-- Input data --
--------

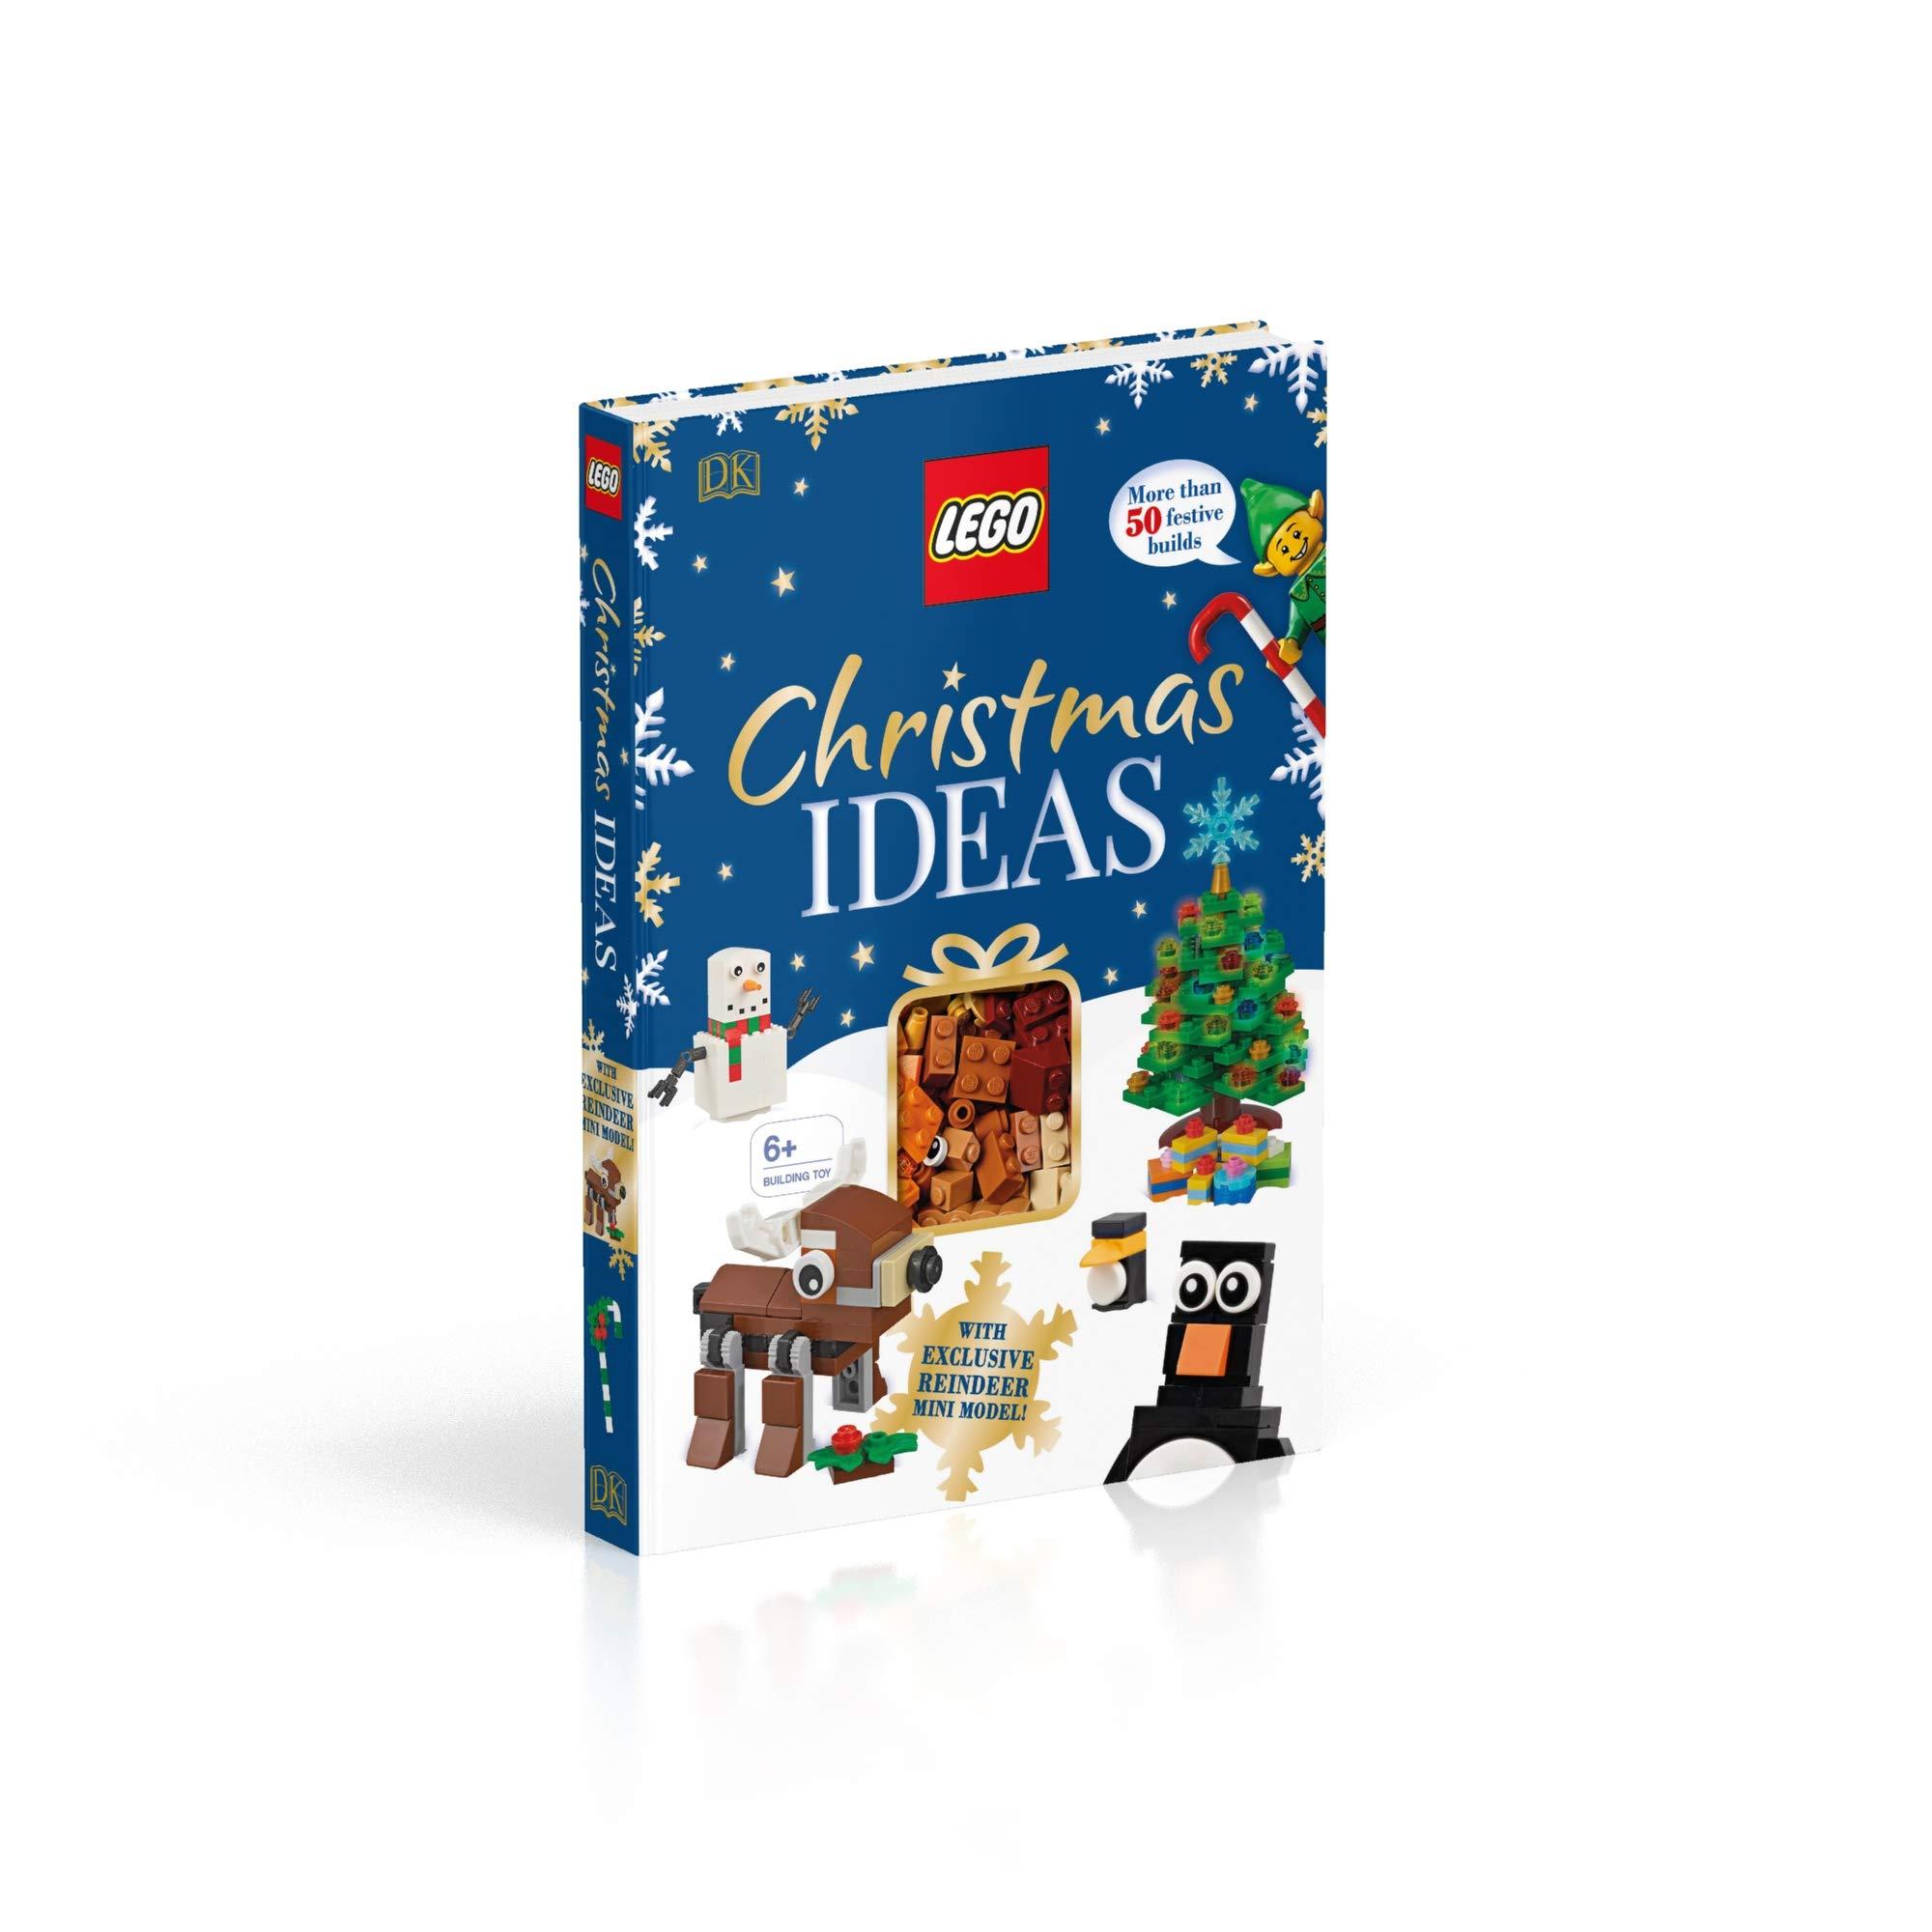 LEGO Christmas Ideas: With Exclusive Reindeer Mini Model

--------

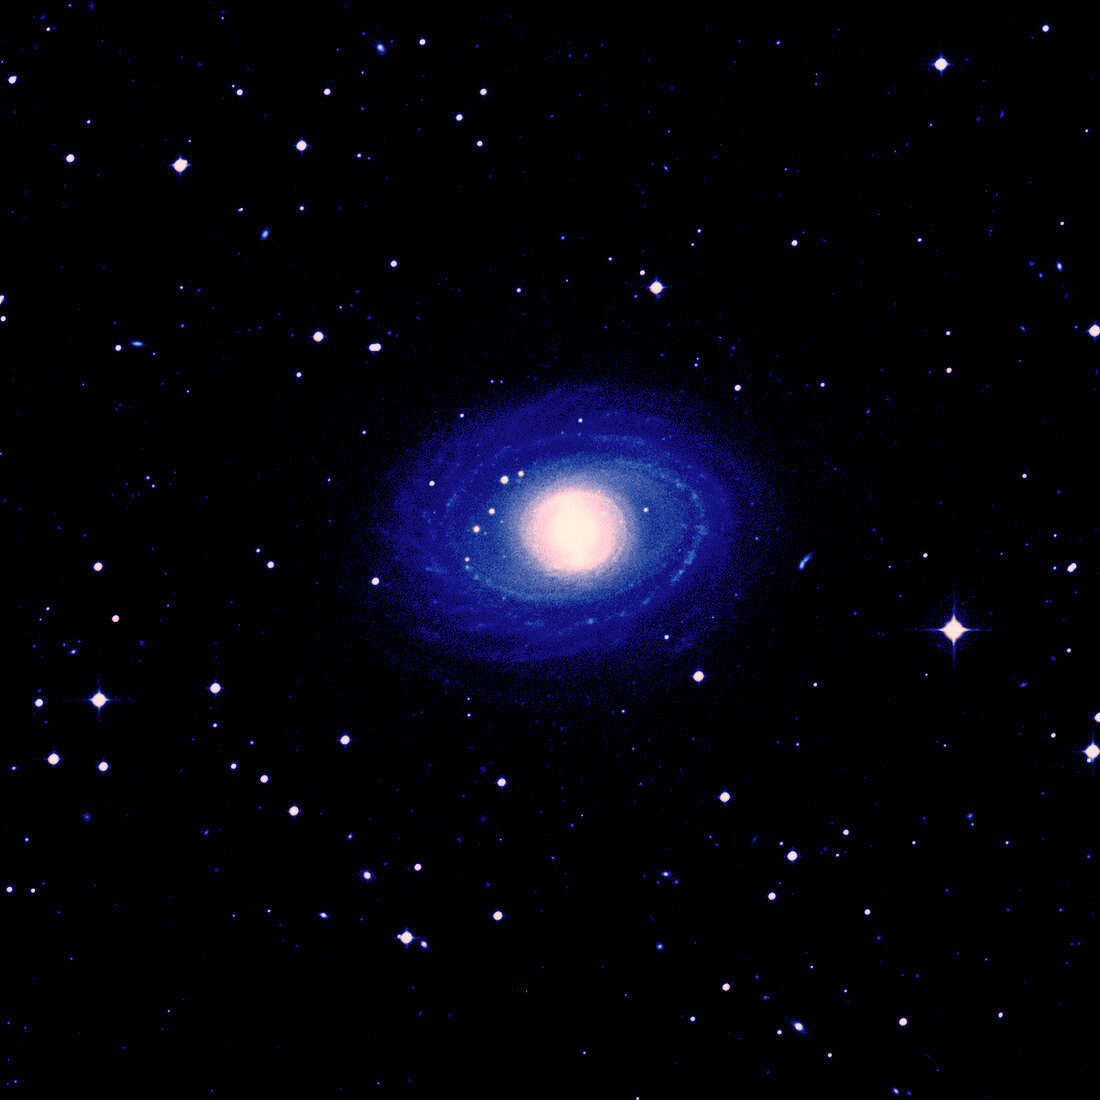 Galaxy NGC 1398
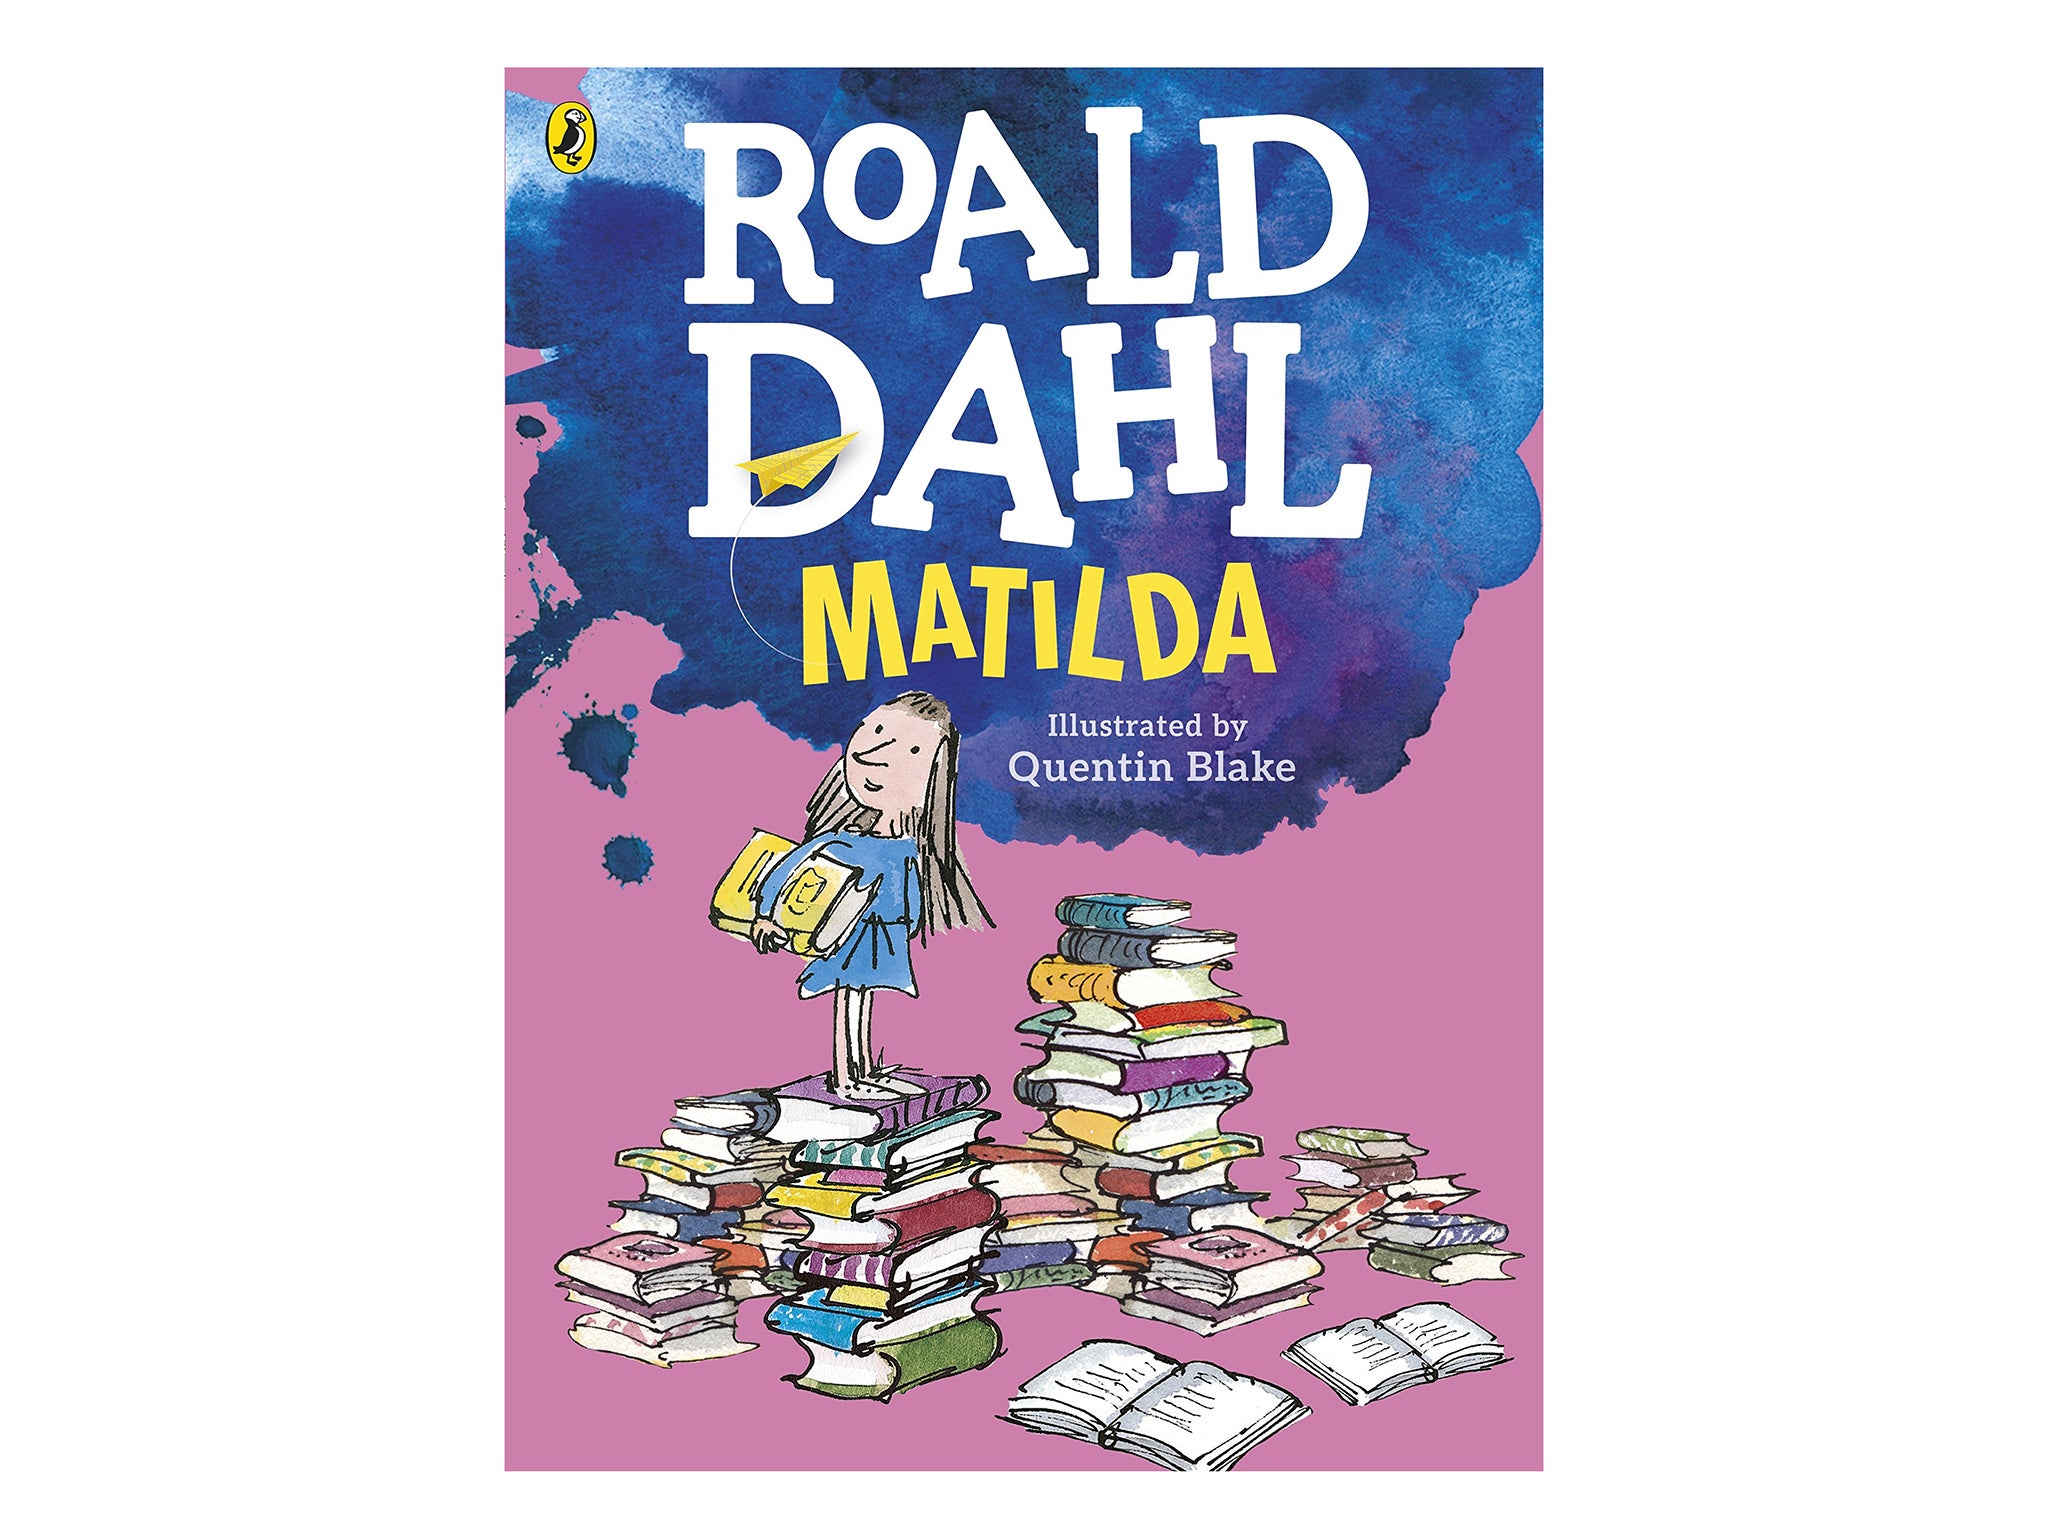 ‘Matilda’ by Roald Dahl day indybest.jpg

--------

-- Prompt --
Only the lines between the one with "Galaxy NGC 1398" and the one with "Dahl day indybest.jpg", those two included, get copied from the material above. Keep it exact and free of pictures.

-- Result for this exercise --
 Galaxy NGC 1398
 ‘Matilda’ by Roald Dahl day indybest.jpg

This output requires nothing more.